CarbonBench: A Global Benchmark for Upscaling of Carbon Fluxes Using Zero-Shot Learning
This benchmark addresses the problem of accurately quantifying terrestrial carbon exchange for climate policy and carbon accounting by enabling systematic comparison of transfer learning methods, though it is incremental as it standardizes existing challenges rather than proposing new algorithms.
The authors tackled the lack of a standardized benchmark for evaluating zero-shot spatial transfer learning in carbon flux upscaling by introducing CarbonBench, which includes over 1.3 million daily observations from 567 global sites and provides stratified evaluation protocols to test generalization across unseen vegetation types and climate regimes.

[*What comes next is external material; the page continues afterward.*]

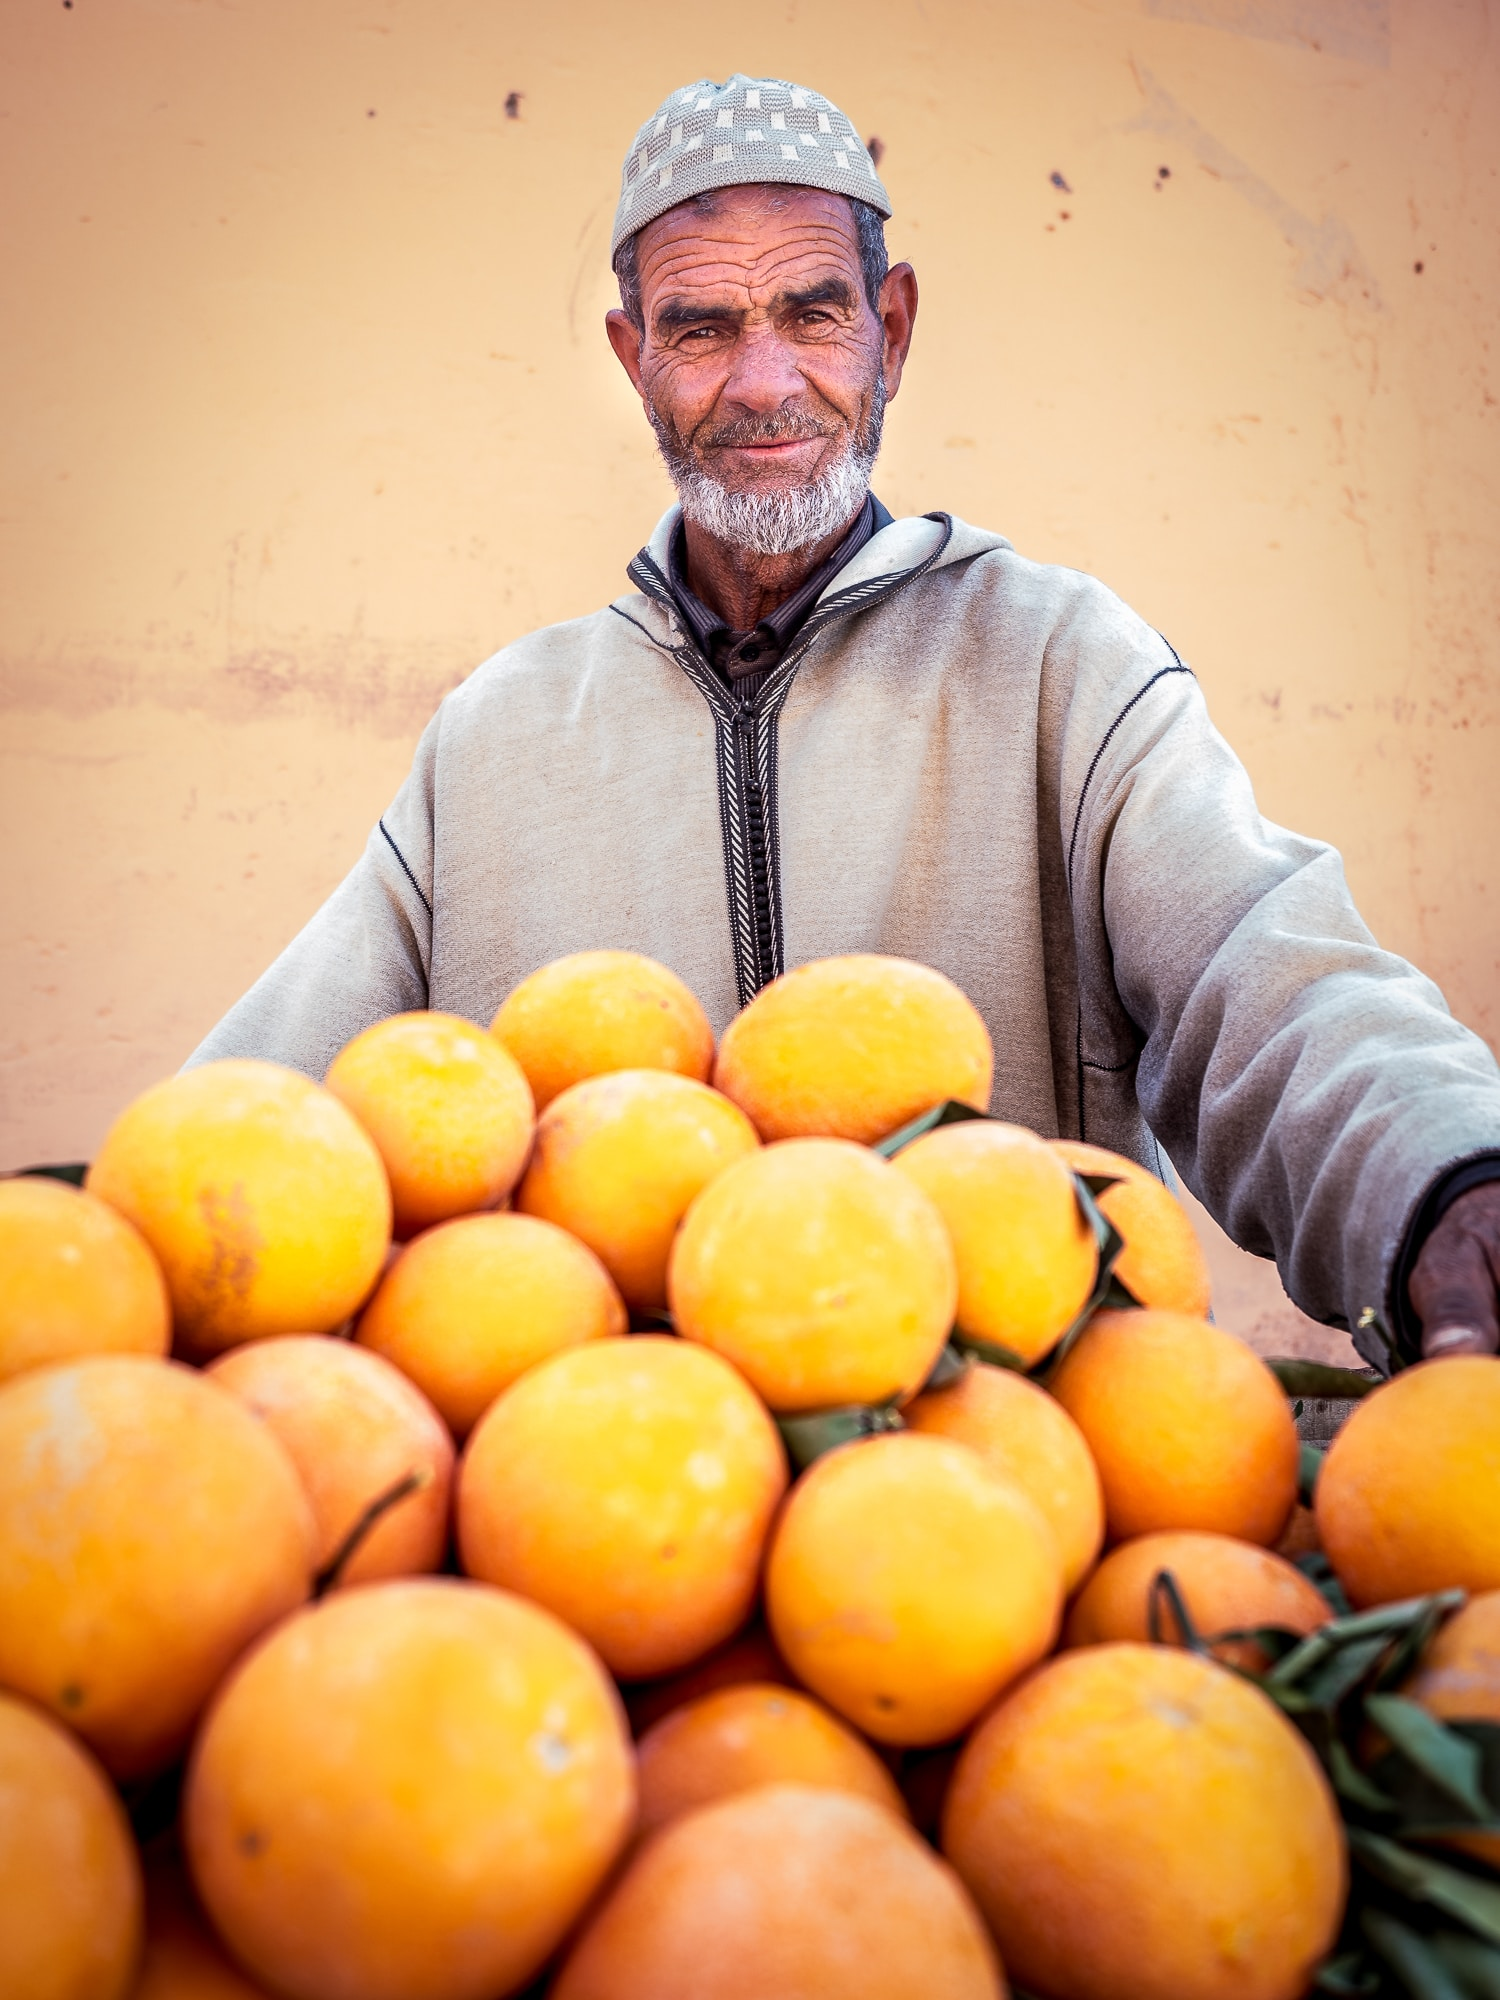 Man selling oranges in Marrakech

Accurately quantifying terrestrial carbon exchange is essential for climate policy and carbon accounting, yet models must generalize to ecosystems underrepresented in sparse eddy covariance observations. Despite this challenge being a natural instance of zero-shot spatial transfer learning for time series regression, no standardized benchmark exists to rigorously evaluate model performance across geographically distinct locations with different climate regimes and vegetation types. We introduce CarbonBench, the first benchmark for zero-shot spatial transfer in carbon flux upscaling. CarbonBench comprises over 1.3 million daily observations from 567 flux tower sites globally (2000-2024). It provides: (1) stratified evaluation protocols that explicitly test generalization across unseen vegetation types and climate regimes, separating spatial transfer from temporal autocorrelation; (2) a harmonized set of remote sensing and meteorological features to enable flexible architecture design; and (3) baselines ranging from tree-based methods to domain-generalization architectures. By bridging machine learning methodologies and Earth system science, CarbonBench aims to enable systematic comparison of transfer learning methods, serves as a testbed for regression under distribution shift, and contributes to the next-generation climate modeling efforts.